Log Analytics is a tool like a text editor that lets you write, edit, run queries, and then interactively analyze the results.

To run a pre-defined query:

1. Navigate to your Azure Monitoring Logs blade and click on Queries on the top right.

Opening the pre-defined queries selection
Opening the pre-defined queries selection

2. You’ll see the list of example queries that you can customize or run as they are. Click Run on the Count heartbeats card to run this query in this example.

What is a heartbeat? It’s a signal that the VM sends to your workspace periodically to let you know it’s still running.

Running a sample query
Running a sample query

The query returns records in the Heartbeat table. The result shows the total heartbeat count in the last hour by default. The VM sends a heartbeat every minute, so you should see a count of 60 for the past hour.

If the count is less than 60 or zero indicates heartbeat irregularity. In which case might suggest a network or system issue. If so, you can then run other queries like the Agent latency spikes and others you deem related to aid you in troubleshooting.

Querying VM heartbeats
Querying VM heartbeats

Writing a Custom Query

In addition to running pre-defined queries, you can also write your custom queries.

Why write a custom query? There are several reasons:

  • To answer a specific question that’s not covered by any of the pre-defined queries.
  • To analyze data in a way that’s not possible with pre-defined queries.
  • To save a query so you can rerun it later or share it with others.
  • Schedule a query to run automatically at regular intervals and send you the results by email.
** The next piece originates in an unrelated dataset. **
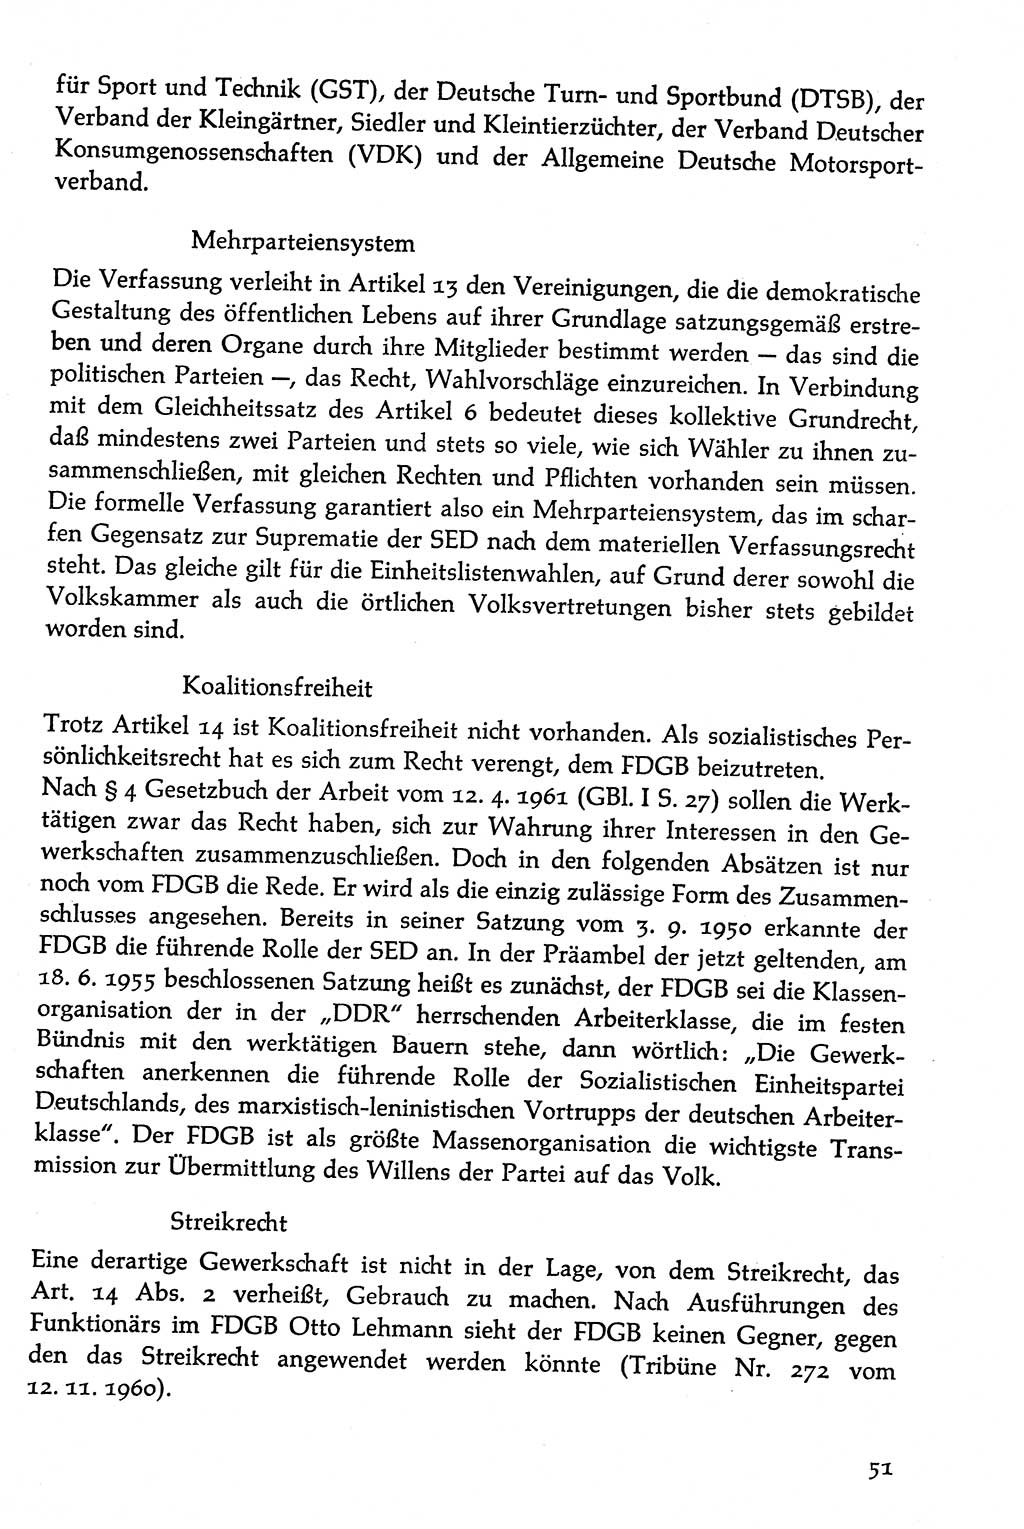 Volksdemokratische Ordnung in Mitteldeutschland [Deutsche Demokratische Republik (DDR)], Texte zur verfassungsrechtlichen Situation 1963, Seite 51 (Volksdem. Ordn. Md. DDR 1963, S. 51)

In this section, you’ll load a pre-defined query, modify it, and save it for future use. To demonstrate, you do a slight modification to the Count heartbeats query.

  1. Select Count heartbeat in the Queries window again, but click on Load to editor to open the query editor.
Loading the query into the editor
Loading the query into the editor

2. Change the time range to the last 2 hours in the query editor by changing the below line.

From:

where TimeGenerated > ago(1h)

To:

where TimeGenerated > ago(2h)

3. Finally, click on the Run button to execute the modified query to test it.

Running the custom query
Running the custom query

As a result, you will see the heartbeat count for the past two hours, as shown below.

Custom query result
Custom query result

4. Click on Save to save the query for future use. Provide a descriptive Name and Description(optional) for the query and click on Save.

Future Use
Future Use
Saving the custom query
Saving the custom query

Conclusion

In this tutorial, you’ve learned how to create a Log Analytics workspace and enable the VM insights agent on your Azure VMs. You’ve also learned how to run pre-defined and custom queries on the log data.

Now it’s your turn to put what you’ve learned into practice. Try creating your custom queries and see what interesting insights you can glean from the data. You could also take your analytics further by creating pivots, summarizing your data, and working with charts.

You’ll also benefit from using Log Analytics as the data source for Grafana monitoring. This kind of integration proves that Azure Monitoring Log Analytics is a flexible and adaptable tool in today’s DevOps world.